Here’s the last screen from the crash (the previous screen(s) scrolled by so I’m not able to capture)
[] iounmap+0x9e/0xc8
[] _nv003837rm+0x3d/0x44 [nvidia]
[] _nv004713rm+0x1e1/0xf0 [nvidia]
[] _nv004720rm+0x371/0x381 [nvidia]
[] _nv004724rm+0x4f/0x1fd [nvidia]
[] _nv004427rm+0x19f/0x24e [nvidia]
[] _nv004432rm+0x47f/0x48e [nvidia]
[] _nv004465rm+0x180/0x330 [nvidia]
[] _nv004418rm+0x65/0x11f [nvidia]
[] _nv004466rm+0x30/0x3d [nvidia]
[] _nv003928rm+0x27/0x32 [nvidia]
[] _nv002952rm+0x21a/0x42d [nvidia]
[] rm_init_adapter+0x8b/0xd9 [nvidia]
[] nv_kern_open+0x31c/0x43e [nvidia]
[] chrdev_open+0x117/0x132
[] chrdev_open+0x0/0x132
[] __dentry_open+0xc7/0x1ab
[] nameidata_to_filp+0x19/0x28
[] do_filp_open+0x2b/0x31
[] sys_chown+0x3b/0x43
[] do_sys_open+0x3e/0xae
[] sys_open+0x16/0x18
[] syscall_call+0x27/0xb

Also, I’ve attached the gzipped bug report file. The BIOS is from Mid-November and they have an update since then but only a few things were fixed (and nothing looked pertinent) - I’ll try to get that in when I can.

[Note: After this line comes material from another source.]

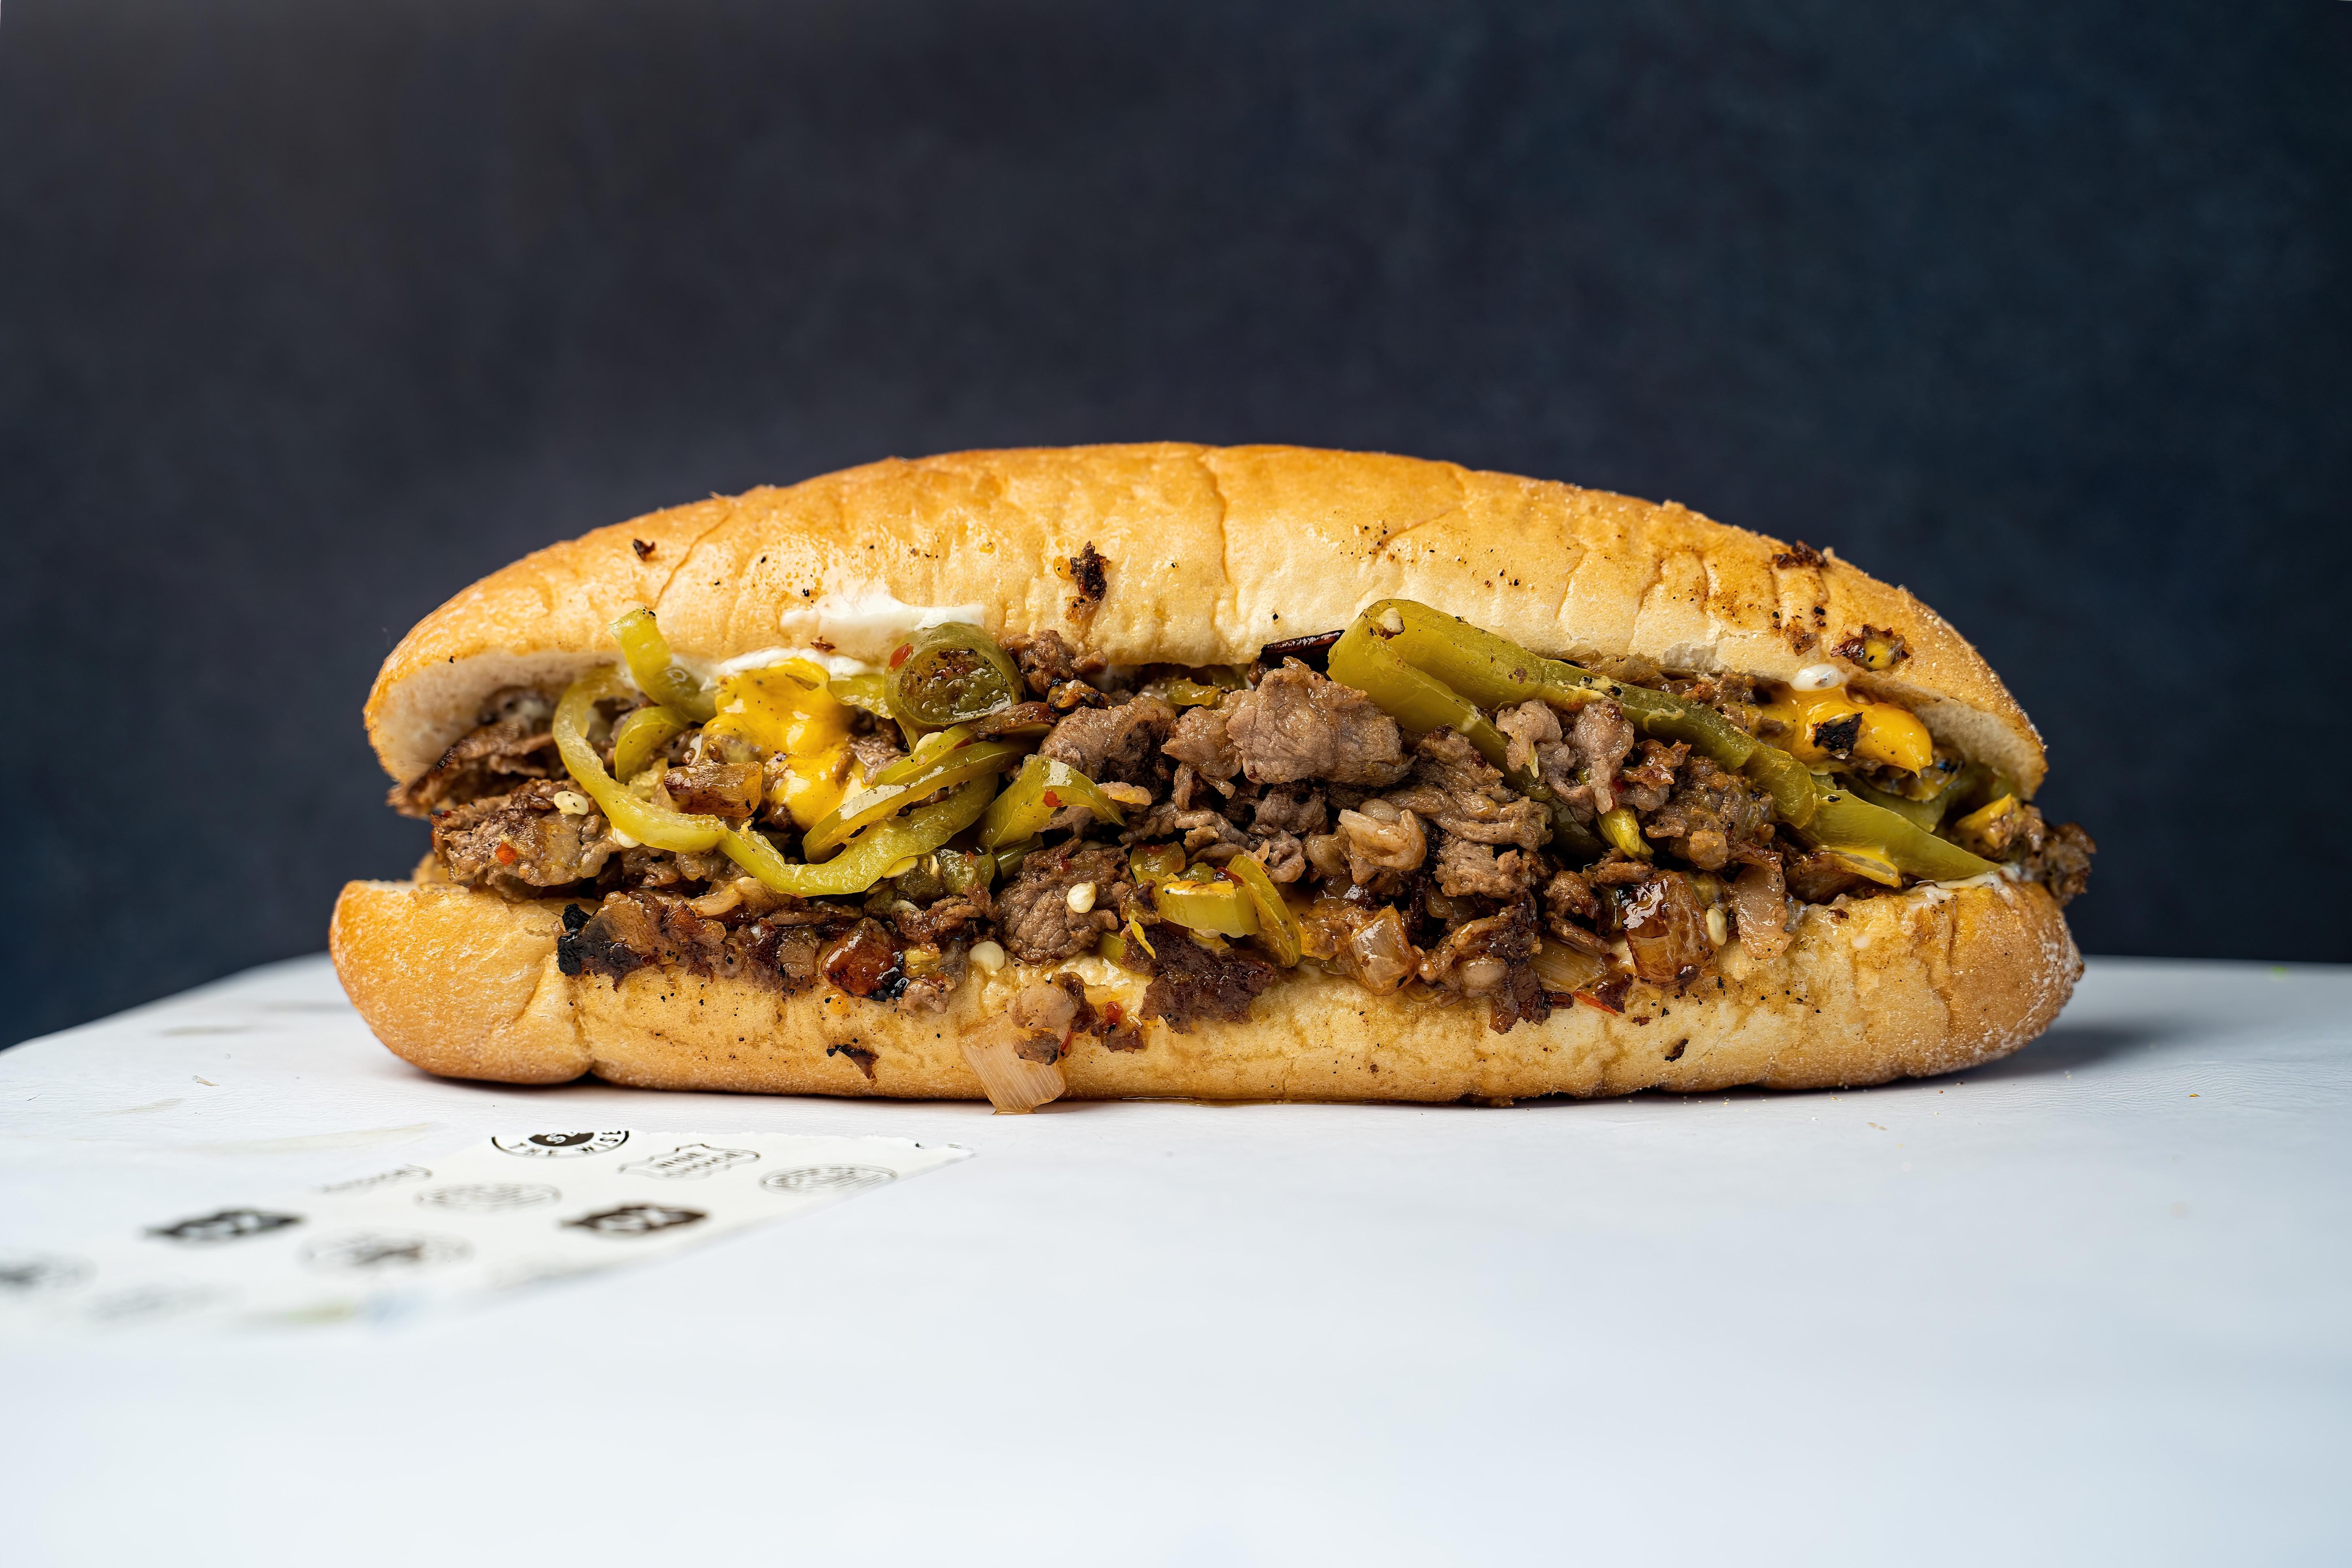 Philly Cheese Steak

Also, I’ve plugged only one of the PCI cards & cables into the S870 - I couldn’t figure out from the documentation if we’re supposed to plug in both, or will I only get 2 GPU’s with the one card? Before I had 2 C870’s in the chassis and it worked fine with those.

Thank you!
nvidia_bug_report.log.gz (32.4 KB)

srawrats · March 6, 2008, 3:07pm

Hey all,
I’ve tried installing a x8 card on a Dell PowerEdge 2950 and I can’t get the 171.05 drivers to load as a kernel module so that’s a dead-end too (I’ve tried RHEL5.0 and RHEL5.1)
Netllama, what is the specific os & server that you are running on there @ nVidia? I’ll try to mirror that config as much as I possibly can just to get it working - I’ve been trying for a long time now and just keep hitting roadblocks.
Also, can anyone explain why I get 10 pci bridge devices and 2 3D controllers when i do lspci for each 16-lane controller connected to the S870?
Thanks!
David

netllama · March 6, 2008, 3:23pm

I’m not sure what you mean by an “x8 card”, however 171.05 is only meant to support the S870. All other hardware should be using the 169.xx drivers.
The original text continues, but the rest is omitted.